Take the line with "庆阳市人民政府办公室关于印发《庆阳市文化产业发展规划》的通知" and every line after it, through the end of the listing, and give them again exactly, pictures excluded.

(AVAILABLE DATA)

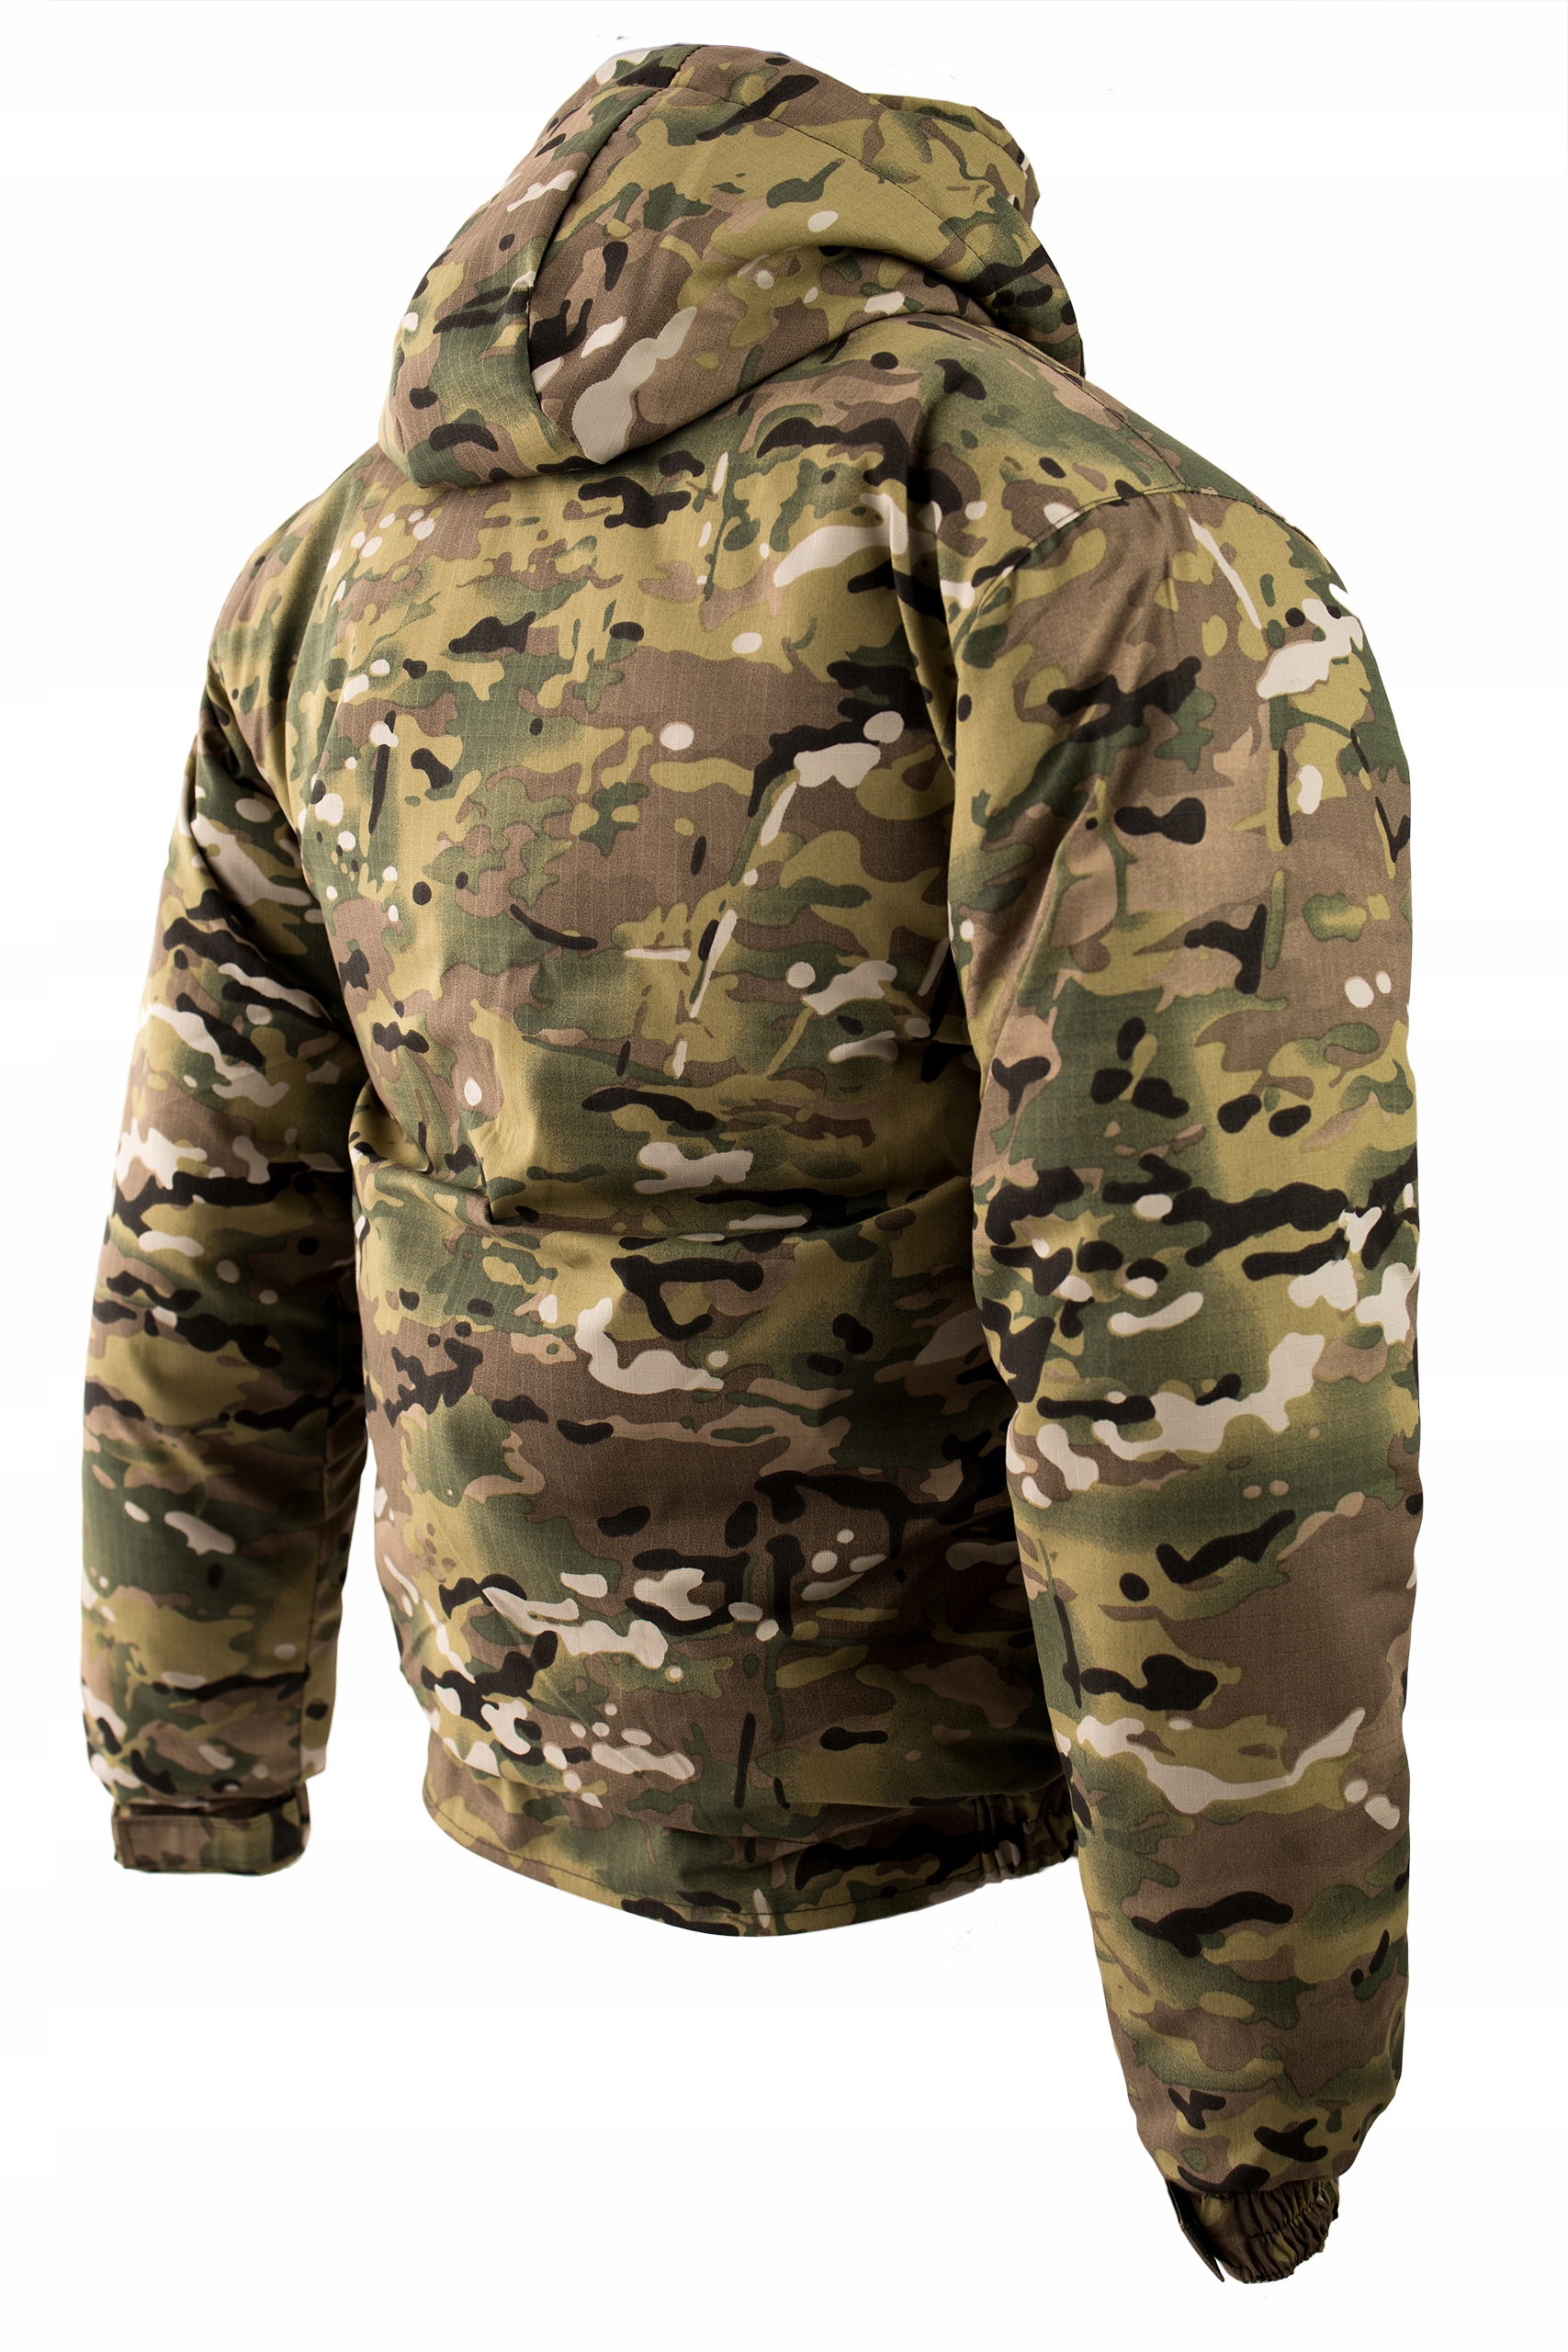 Військова зимова куртка ізольована Multicam roz. М Інший тип
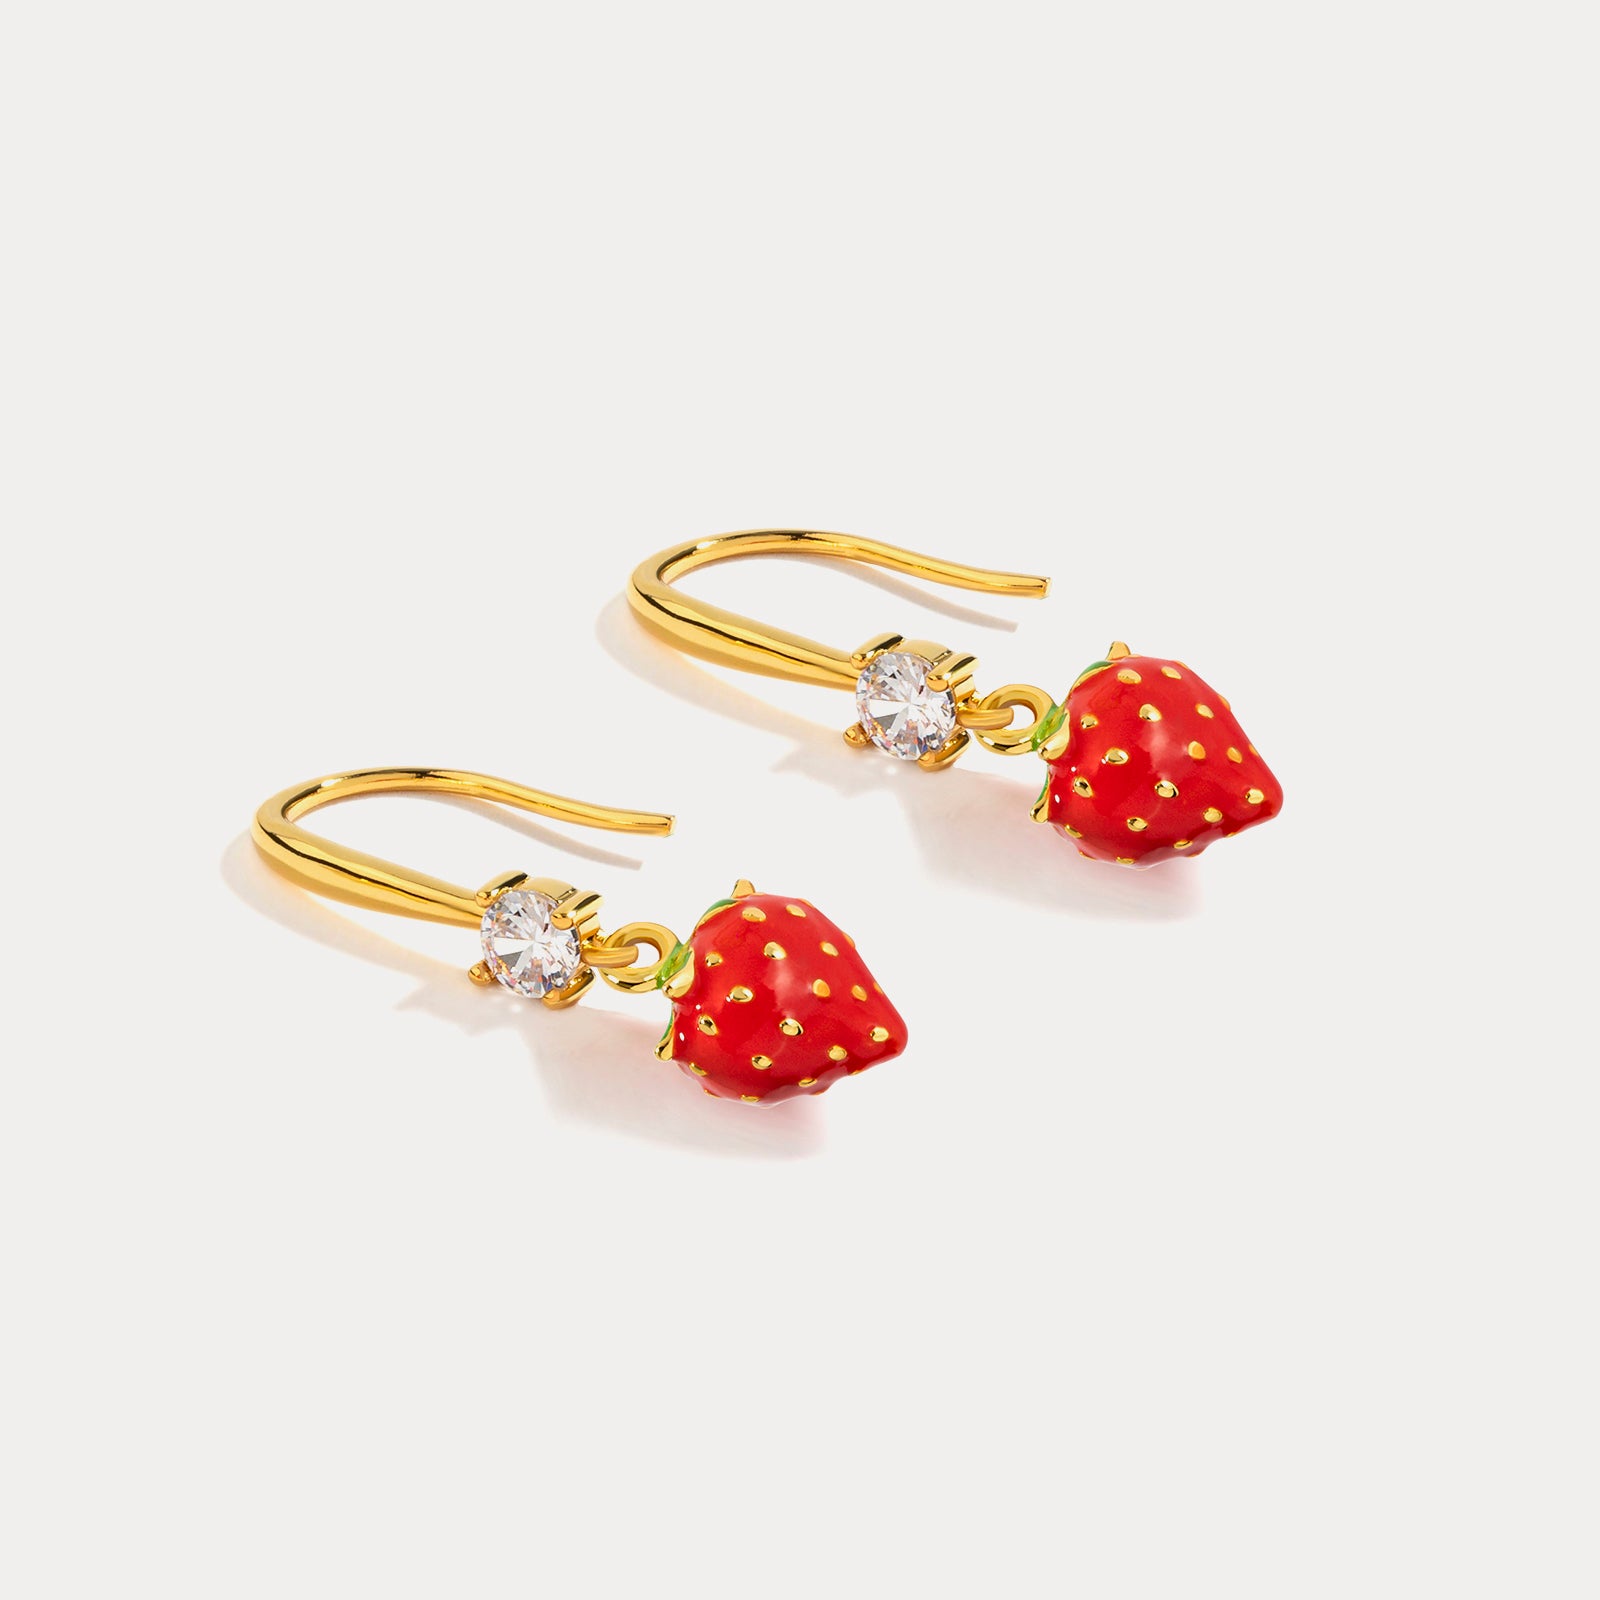 Strawberry Dangling Earrings
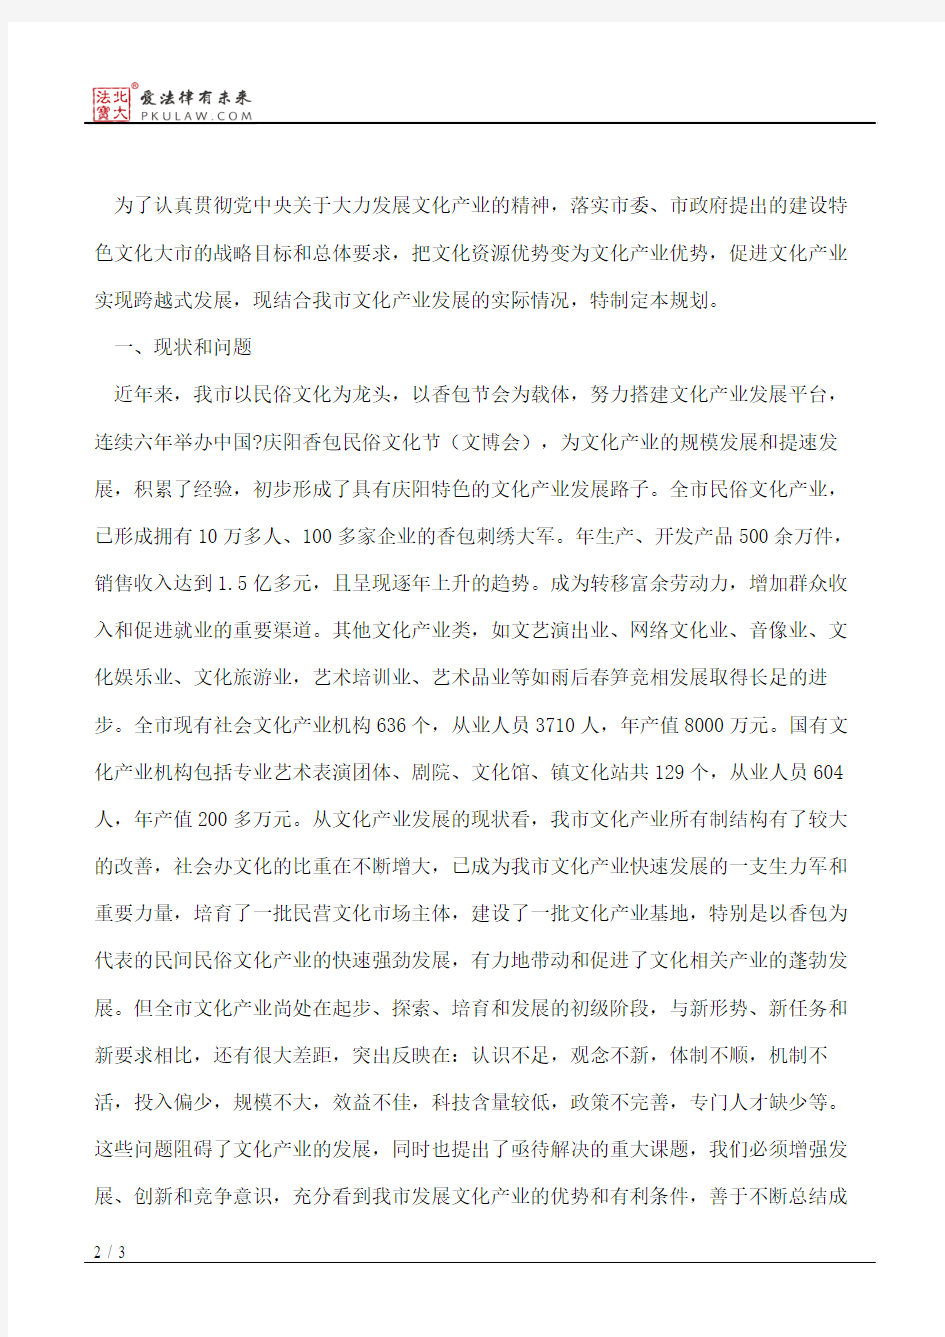 庆阳市人民政府办公室关于印发《庆阳市文化产业发展规划》的通知
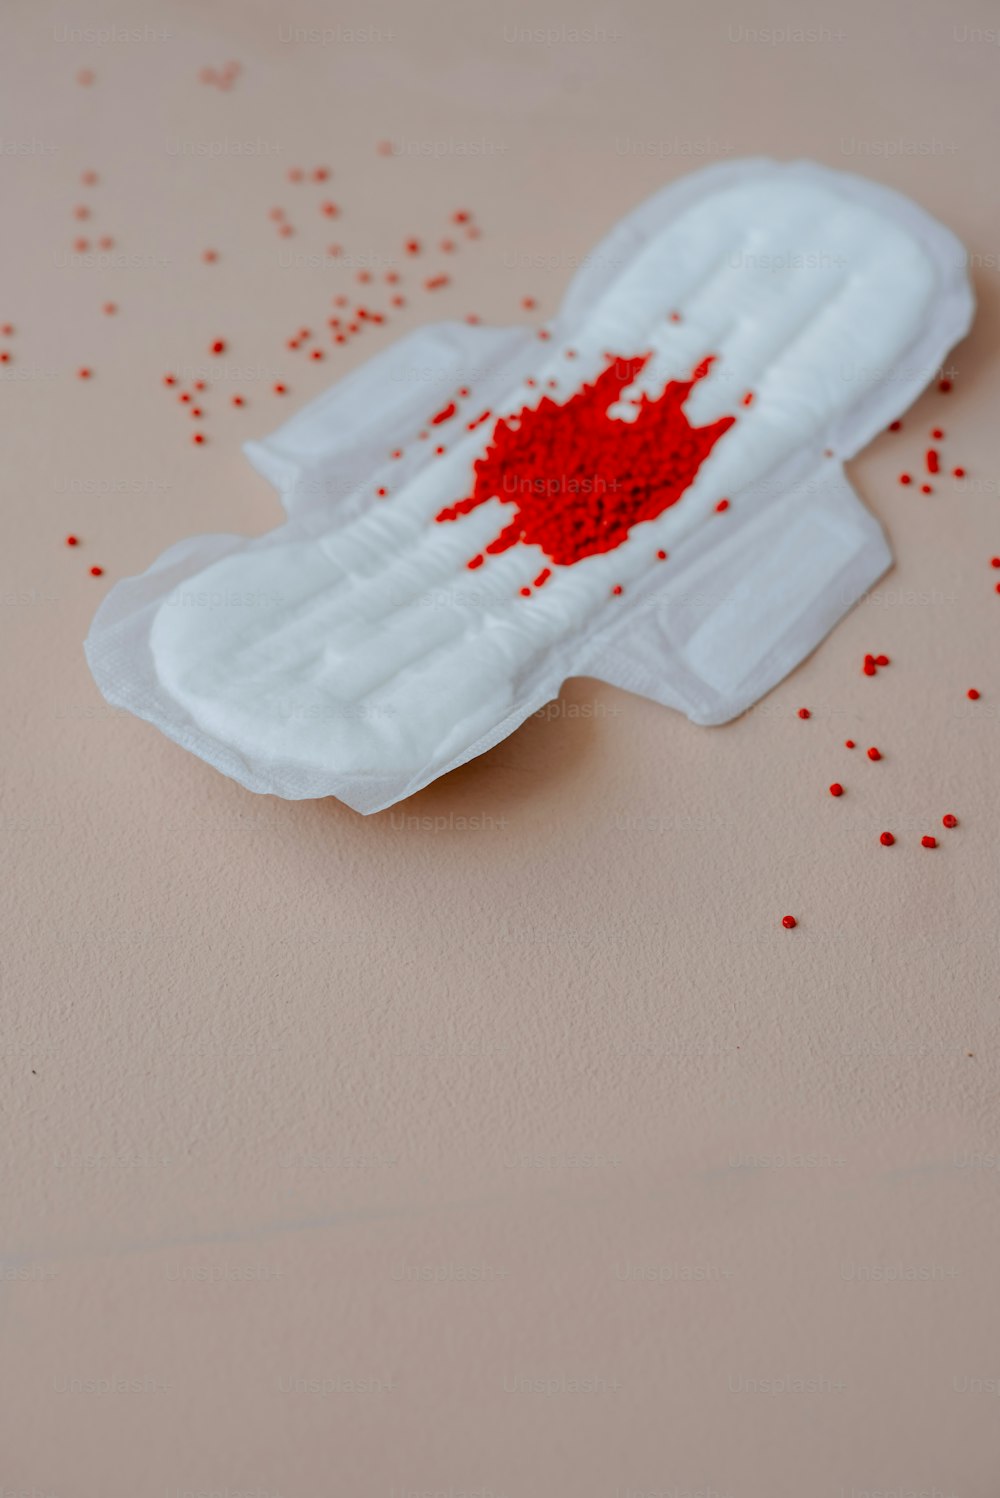 um pedaço de papel branco com borrifos vermelhos

(End AVAILABLE DATA)

- _THE ANSWER_
 庆阳市人民政府办公室关于印发《庆阳市文化产业发展规划》的通知
 um pedaço de papel branco com borrifos vermelhos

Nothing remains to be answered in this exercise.